In order to build this, we need a way to represent a two-dimensional grid, and a way to generate random numbers. We can use ImageGrid for the former (though we'll come back later and use something else), so let's explore the latter before we dive into writing code.

Random Numbers

Let's take a look at a small program that does nothing but generate a few random numbers:


In [170]:
import random
for i in range(5):
    print random.randint(1, 10)


2
10
8
3
5

The first step is to import the standard Python random number library called (unsurprisingly) random. We can then call random.randint to produce as many "random" numbers as we want. The quotes around the word "random" are important: the values produced by this library (and its equivalents in other languages) are only pseudo-random, and it's important for scientists to understand the distinction in order to use them properly.
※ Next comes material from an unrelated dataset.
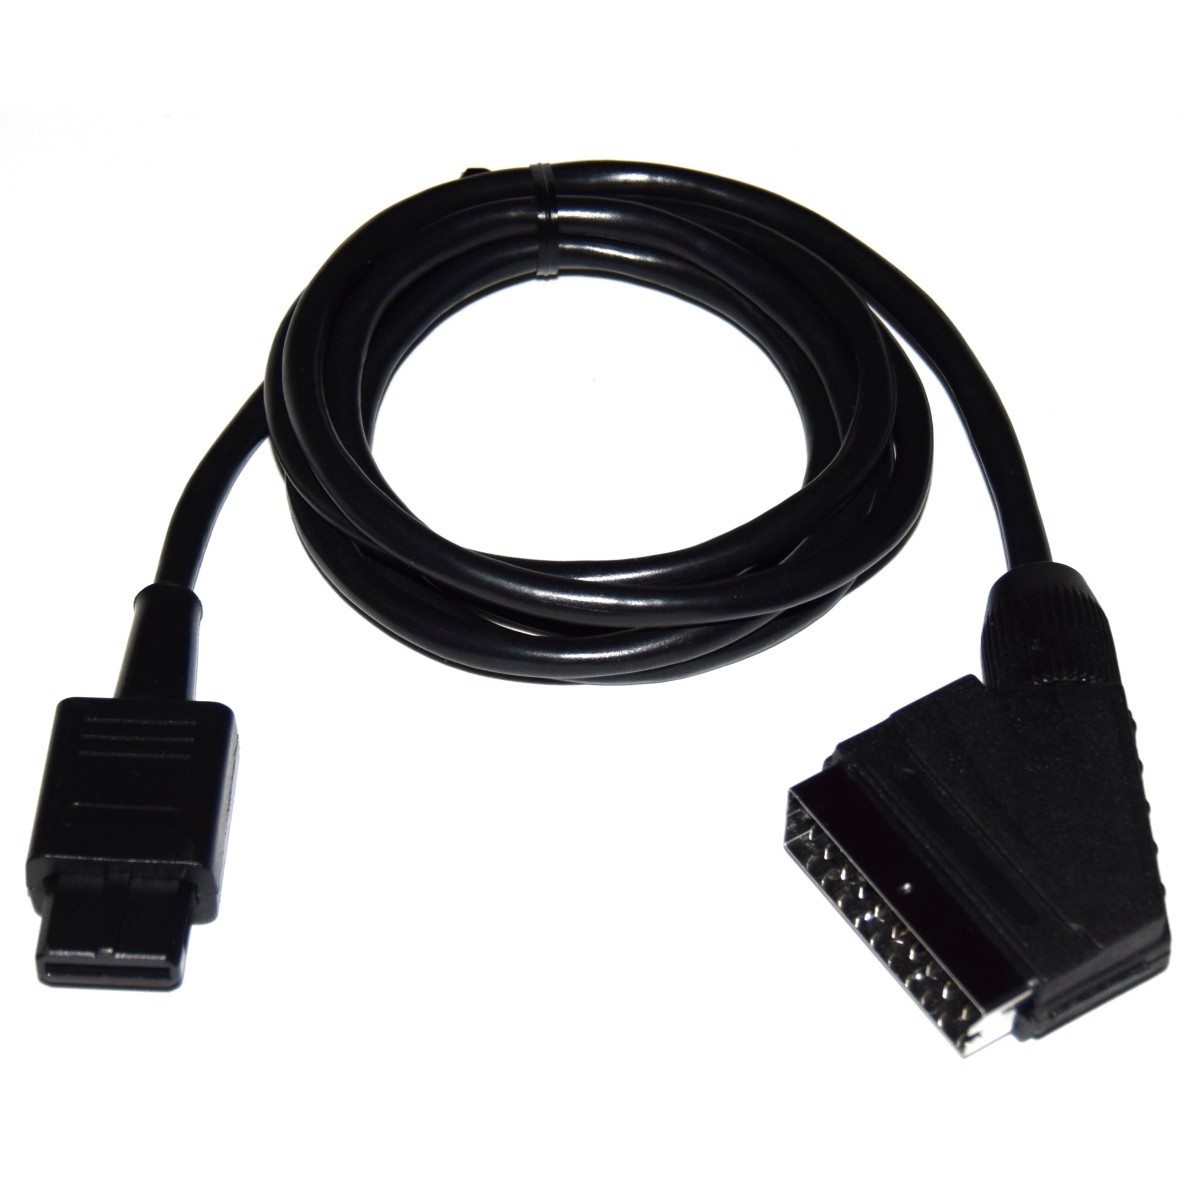 Câble péritel RGB Premium pour Nintendo 64 / N64

To see why, let's try generating some random values ourselves:


In [171]:
base = 17
value = 4
for i in range(5):
    print value
    value = (3 * value + 5) % base


4
0
5
3
14

The base determines how many integers we get before the sequence starts to repeat itself. The sequence eventually does have to repeat: computers can only represent a finite range of numbers, so sooner or later, it's going to go back over its tracks. Once it does, values will appear in the same order as they did the first time:


In [172]:
base = 17
value = 4
for i in range(40):
    print value,
    value = (3 * value + 5) % base


4 0 5 3 14 13 10 1 8 12 7 9 15 16 2 11 4 0 5 3 14 13 10 1 8 12 7 9 15 16 2 11 4 0 5 3 14 13 10 1

The seed controls where the sequence starts. If we choose a different seed, such as 9, the sequence starts in a different place, but produces the same values in the same order:


In [173]:
value = 9
for i in range(10):
    print value,
    value = (3 * value + 5) % base


9 15 16 2 11 4 0 5 3 14

But there's a problem, and that problem is the reason scientists should never, ever write their own random number generators. You may not have noticed, but the number 6 doesn't appear in the sequences above. That's bad news: having gaps in our supposedly-random distribution would almost certainly introduce bias in our simulations and statistics. What's worse is what happens if we choose 6 as our seed:


In [174]:
value = 6
for i in range(10):
    print value,
    value = (3 * value + 5) % base


6 6 6 6 6 6 6 6 6 6

Those "random" values would definitely introduce bias into our calculations. Can we be sure that random.randint won't do this, and that something subtler won't go wrong?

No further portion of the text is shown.